Today we heard the Gospel reading about the healing of the leper. Leprosy was a terrible disease, which we only recently learned how to treat. Even one hundred years ago it was untreatable. There were islands to which the sick were taken and cast to the mercy of fate. They lived there, rotting alive, losing their fingers and ears. Frightful to behold and abandoned, devastated both spiritually and morally, they lived in huts like animals.
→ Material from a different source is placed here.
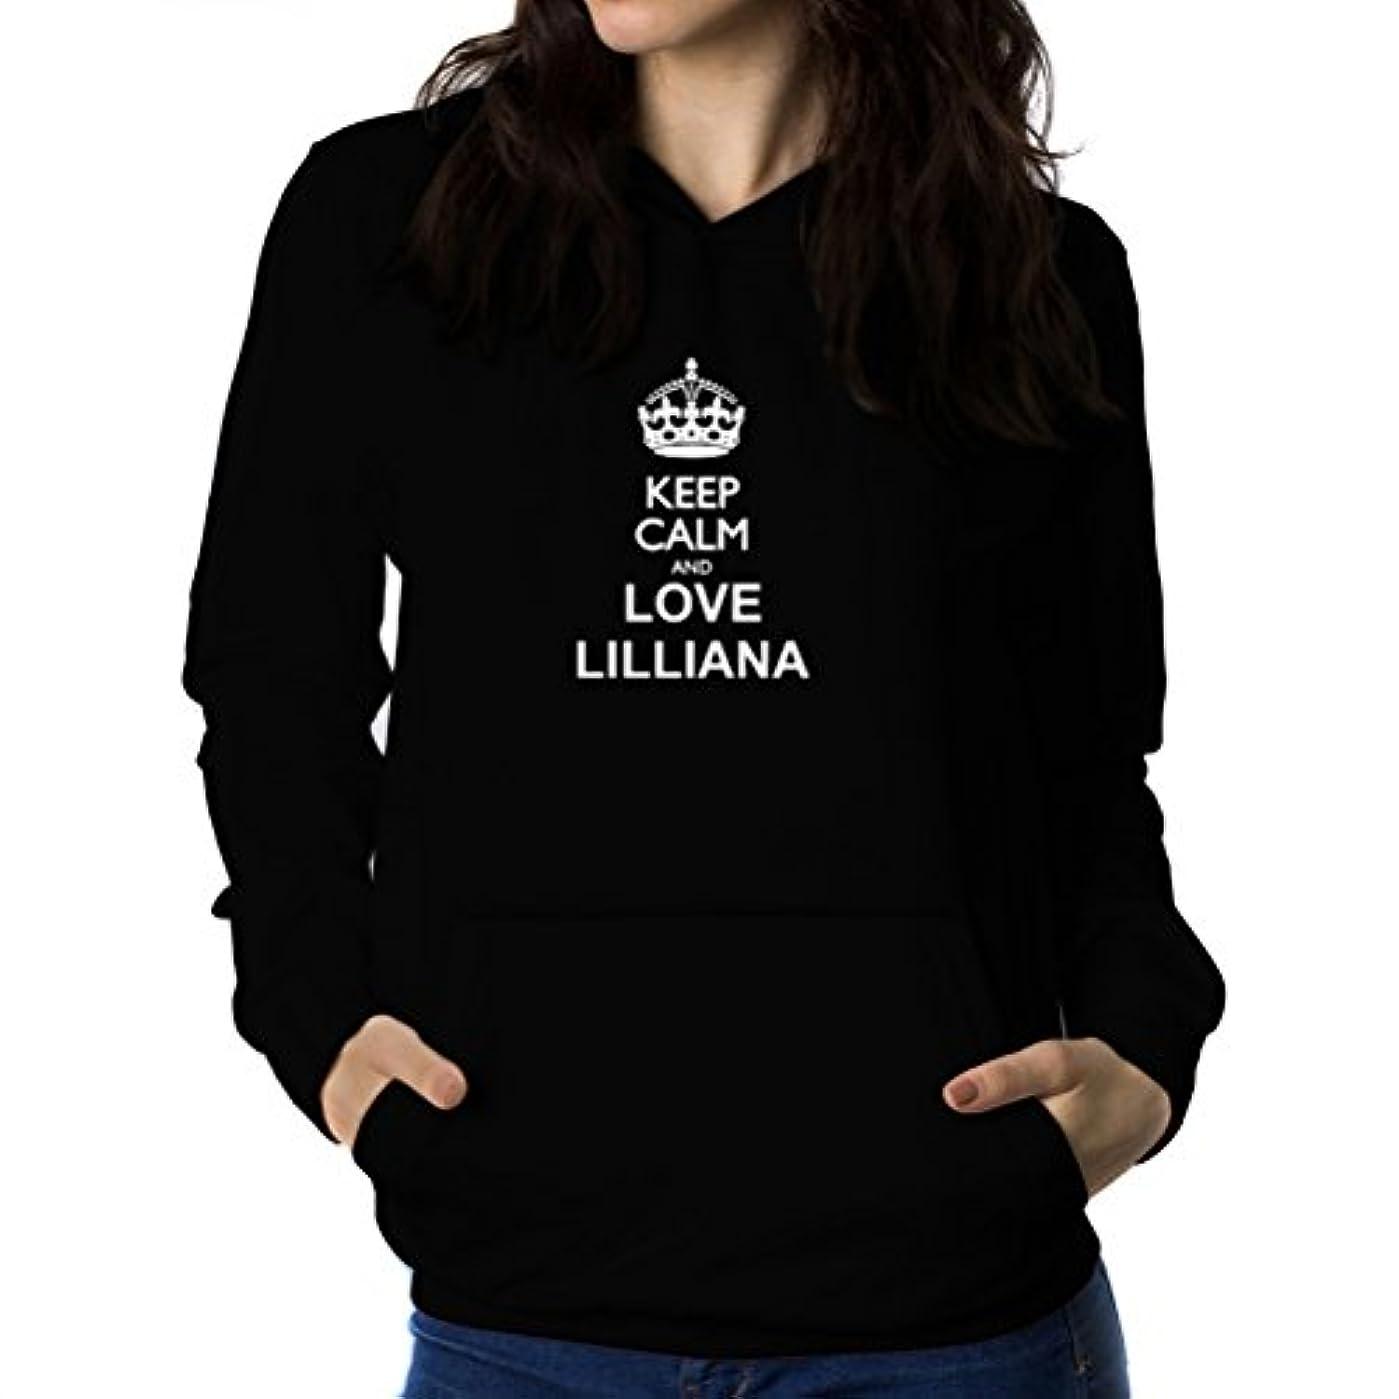 機械的ダイヤモンドチロKeep calm and love Lilliana 女性 フーディー

Ships on which missionaries were travelling to preach the word of God to savages and heathens sometimes passed by these islands. On one of these ships was a very young priest from Belgium, Damien de Veuster, who was not much more than twenty years old. He had also gone to preach the Gospel to the pagans, but when he learned that there was an island nearby where people lived as though in hell, he could not go any further. He felt that God’s voice was calling him. He left his ship and stayed on that island forever. And he, as they say, raised these people from the dead: he got them to build houses, he built them a church, and he raised their spirits. They began to live like human beings. This island was transformed, its life becoming completely different, although he himself caught leprosy and died. But he had done his duty!

Thus, God’s voice calls us in the most unexpected moments. We might think about and await one thing, but find another. We might begin building our plans in one way, but if the Lord calls us, then let His will be accomplished! Do not forget those words from the “Our Father” – few in words but great in meaning – that to us are immortal and precious: “Thy will be done!” Amen.